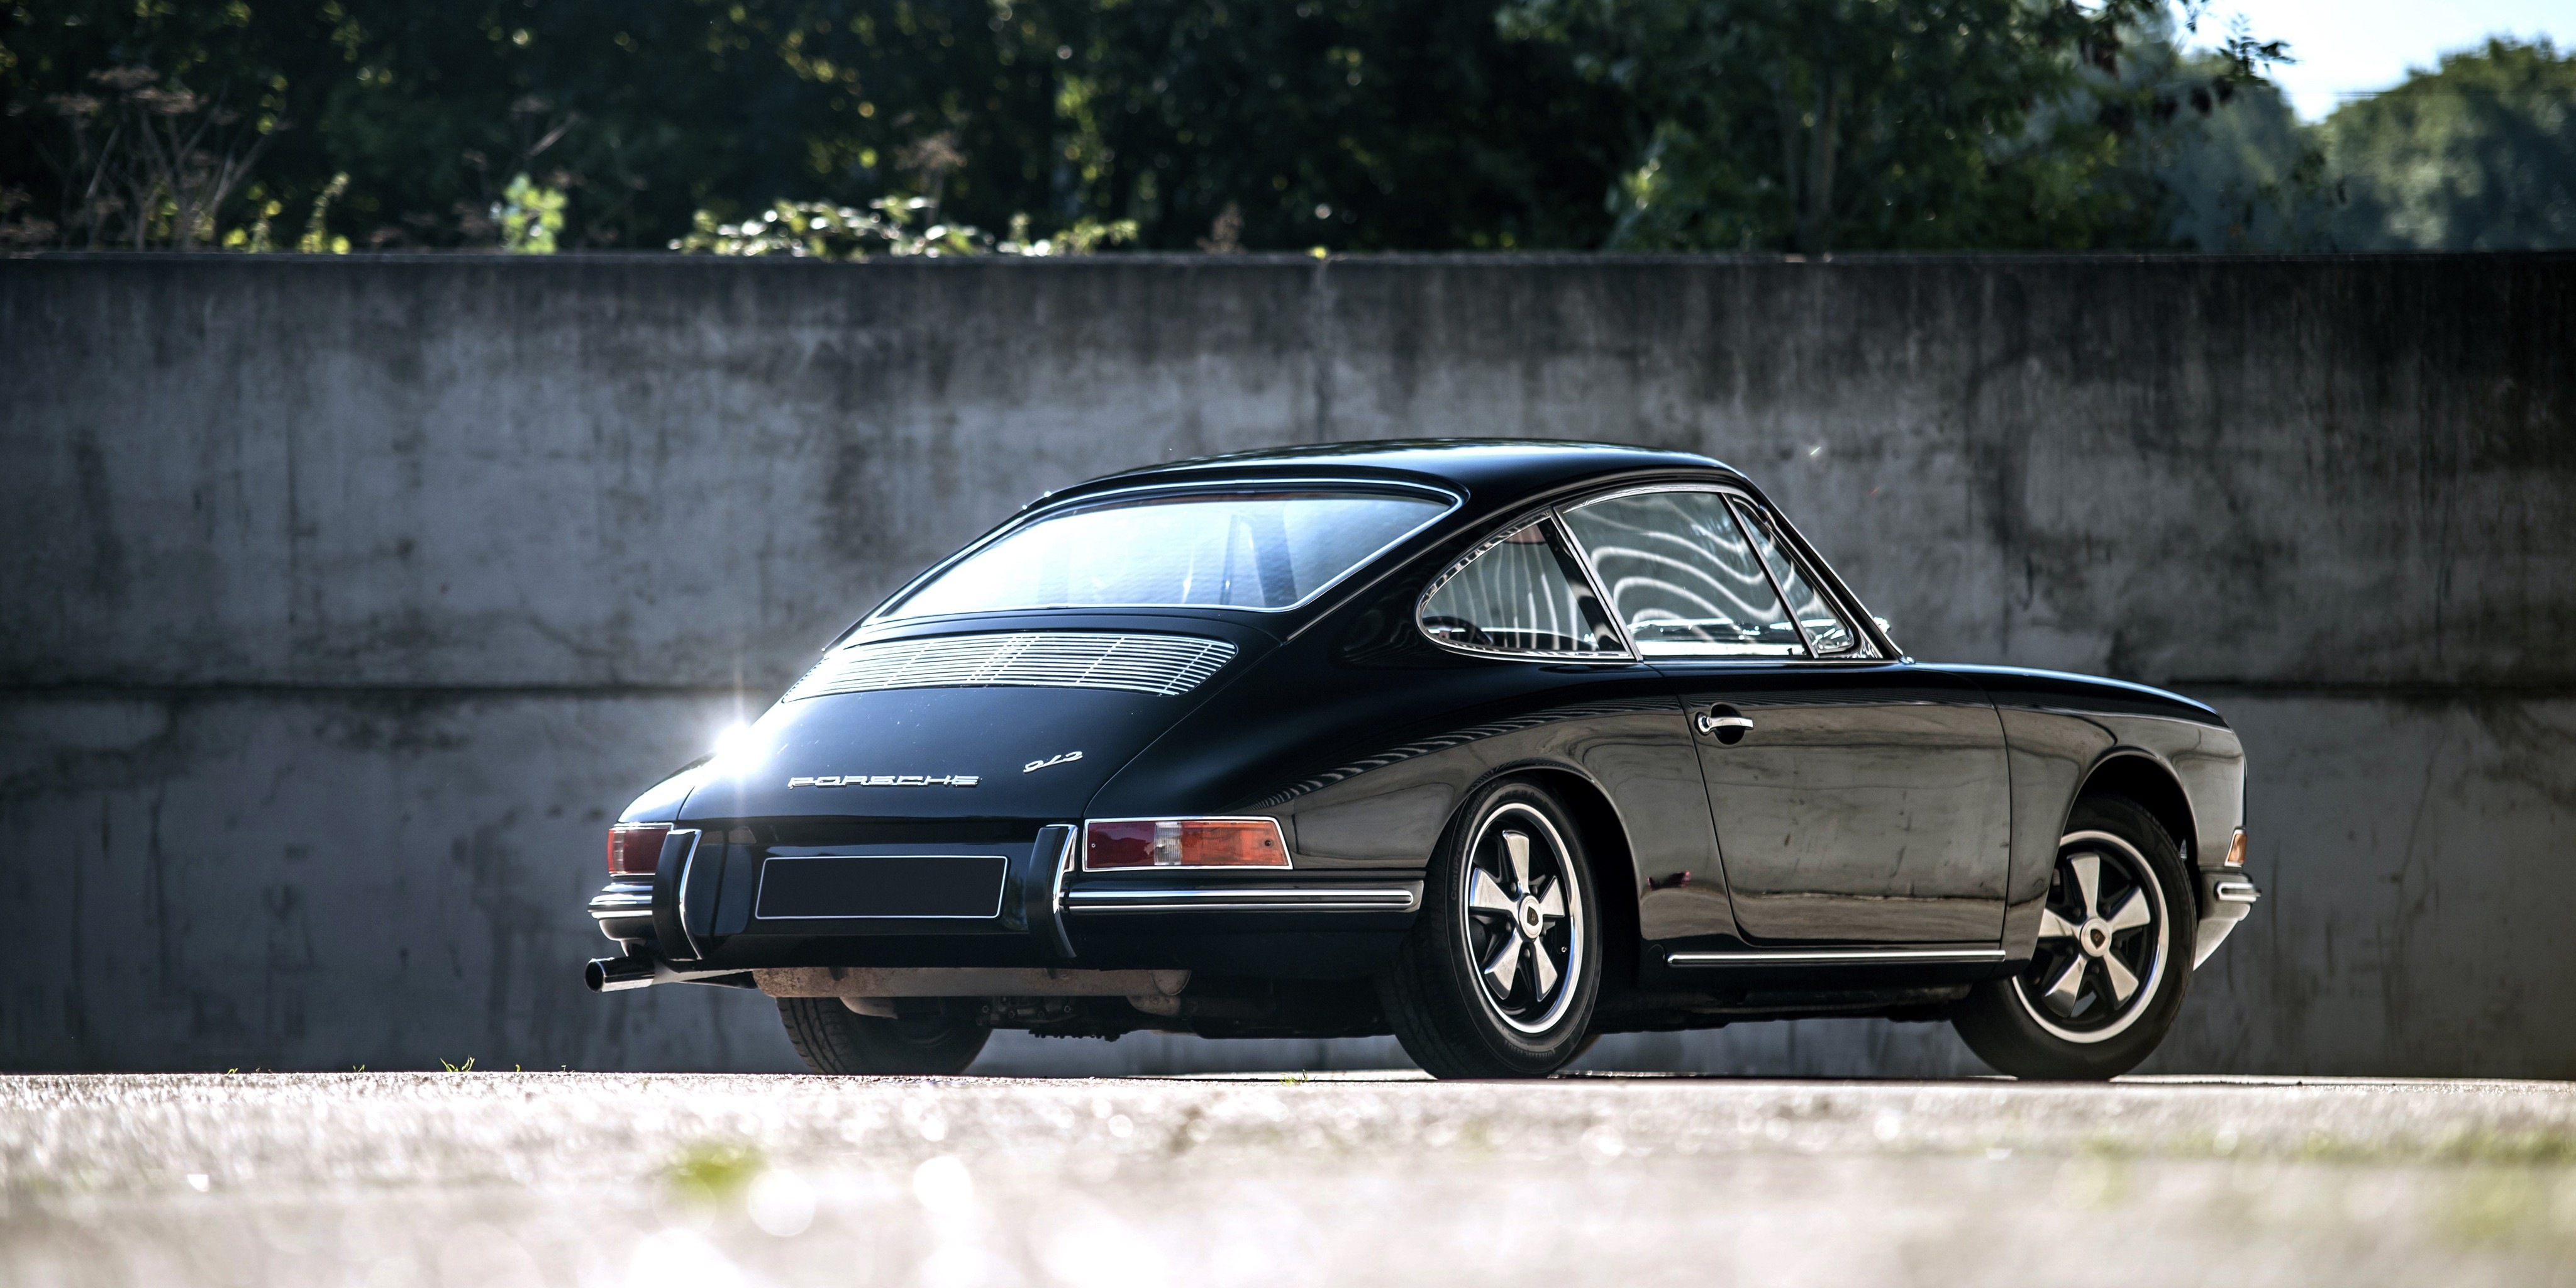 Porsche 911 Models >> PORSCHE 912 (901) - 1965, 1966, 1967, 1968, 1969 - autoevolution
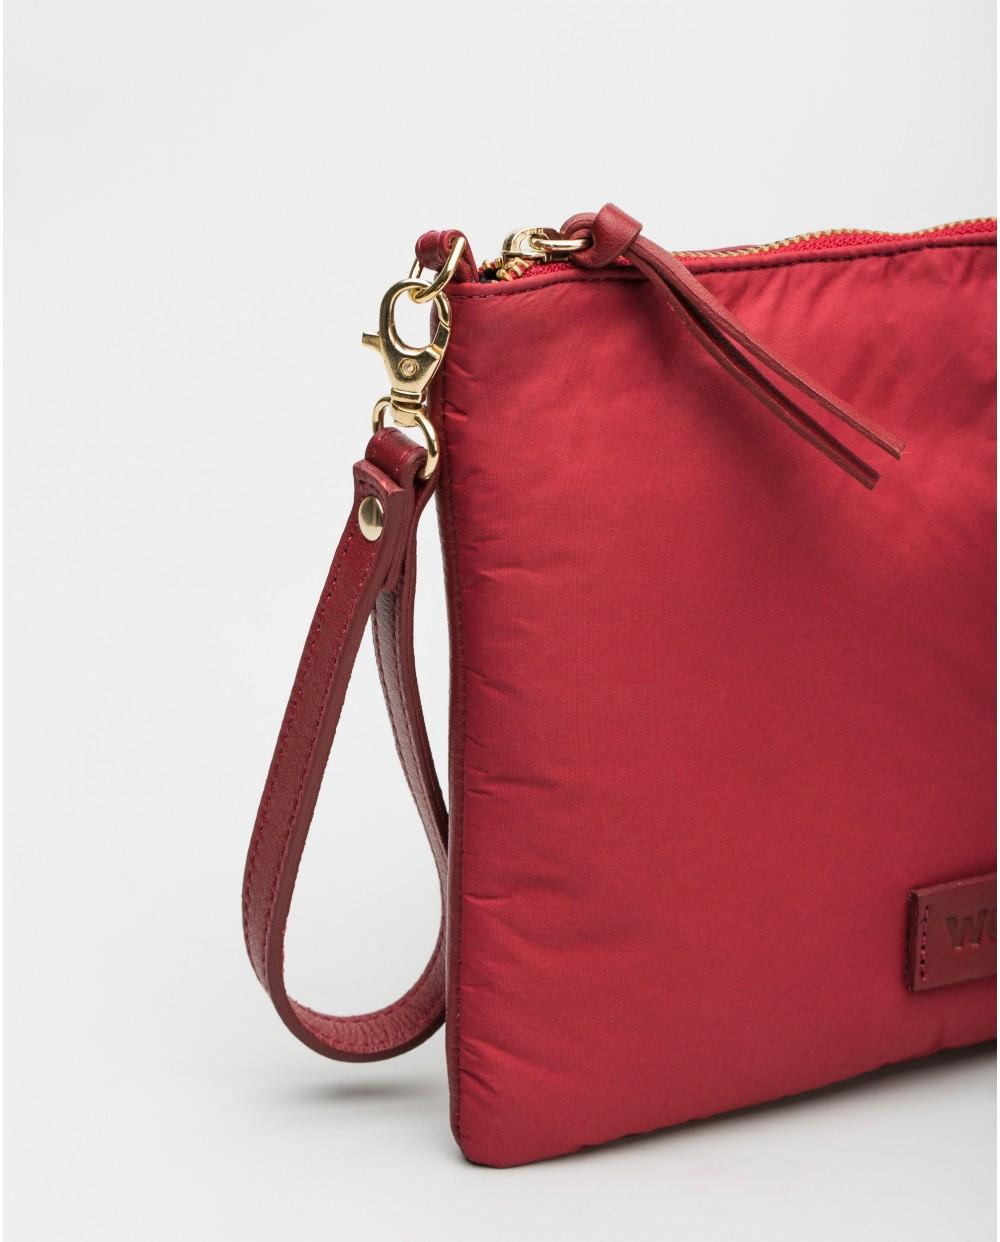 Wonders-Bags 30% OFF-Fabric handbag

▬▬▬

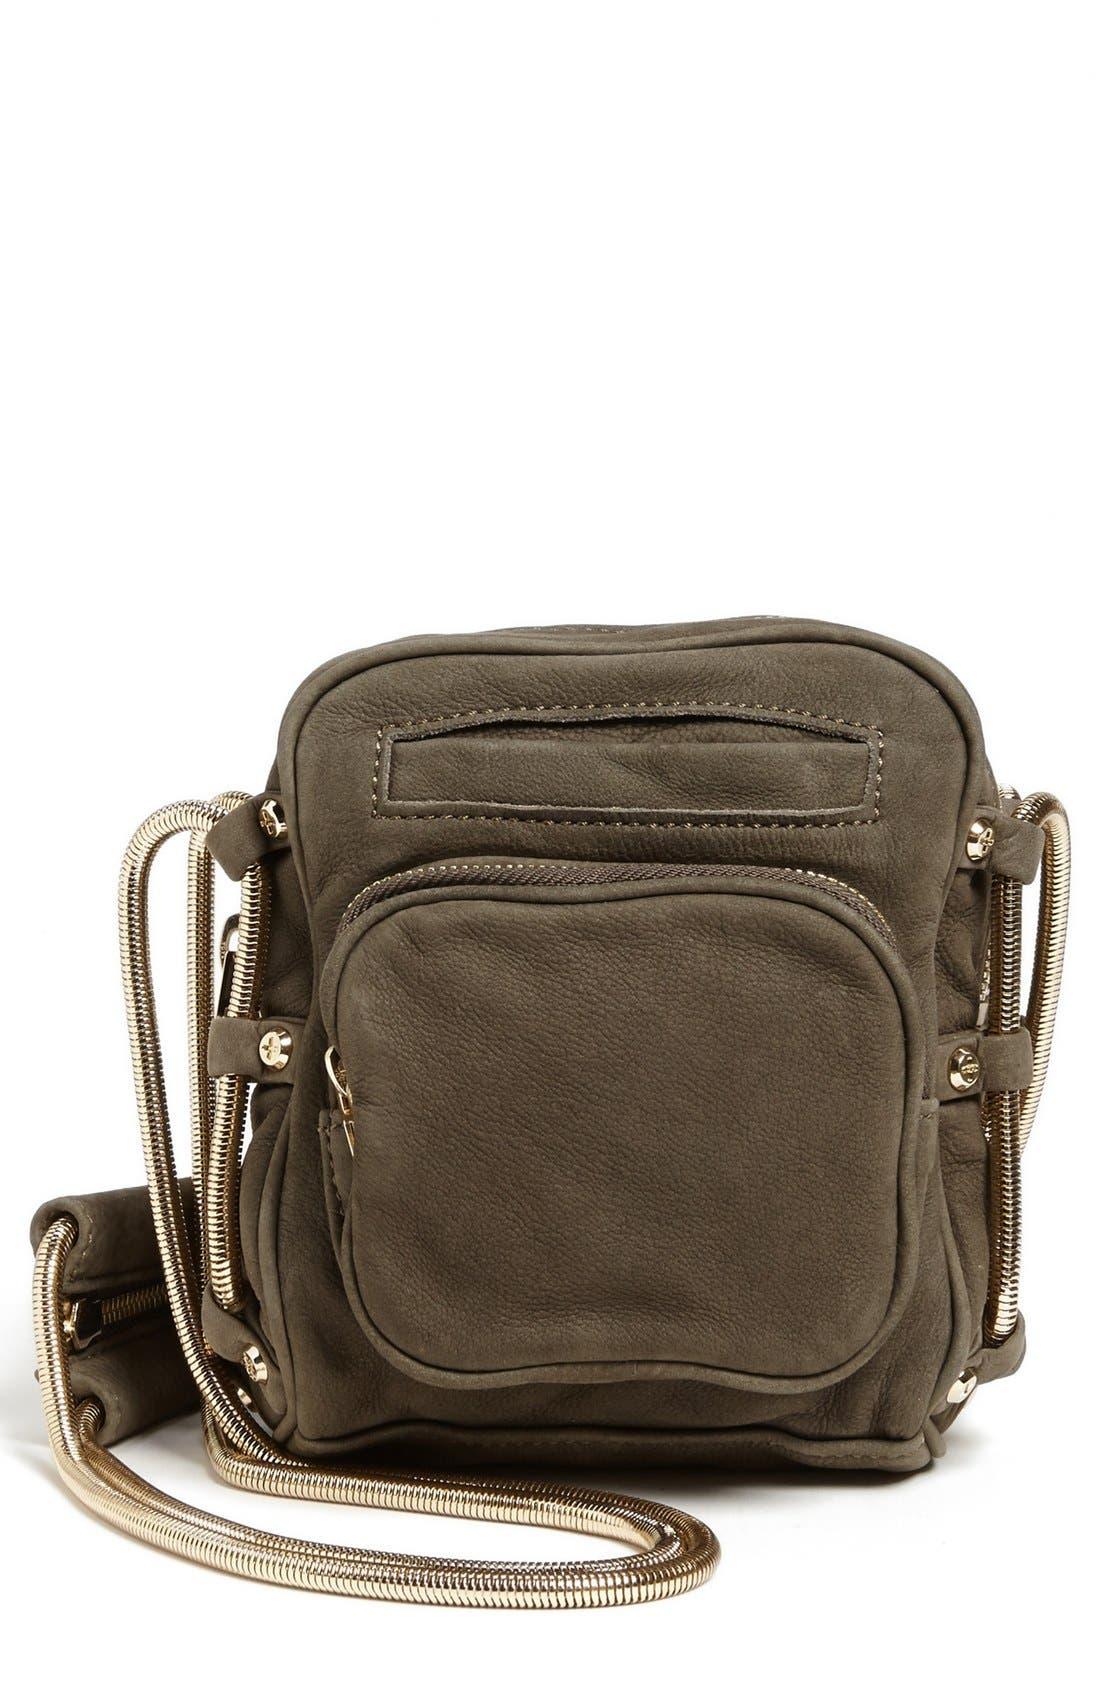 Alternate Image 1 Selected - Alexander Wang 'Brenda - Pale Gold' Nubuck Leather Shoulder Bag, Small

▬▬▬

Copy exactly the lines of the listing above between the one holding "Porsche 911 Models" and the one holding "Wonders-Bags 30% OFF-Fabric handbag", inclusive; omit all pictures.

— Task output —
 Porsche 911 Models >> PORSCHE 912 (901) - 1965, 1966, 1967, 1968, 1969 - autoevolution
 Wonders-Bags 30% OFF-Fabric handbag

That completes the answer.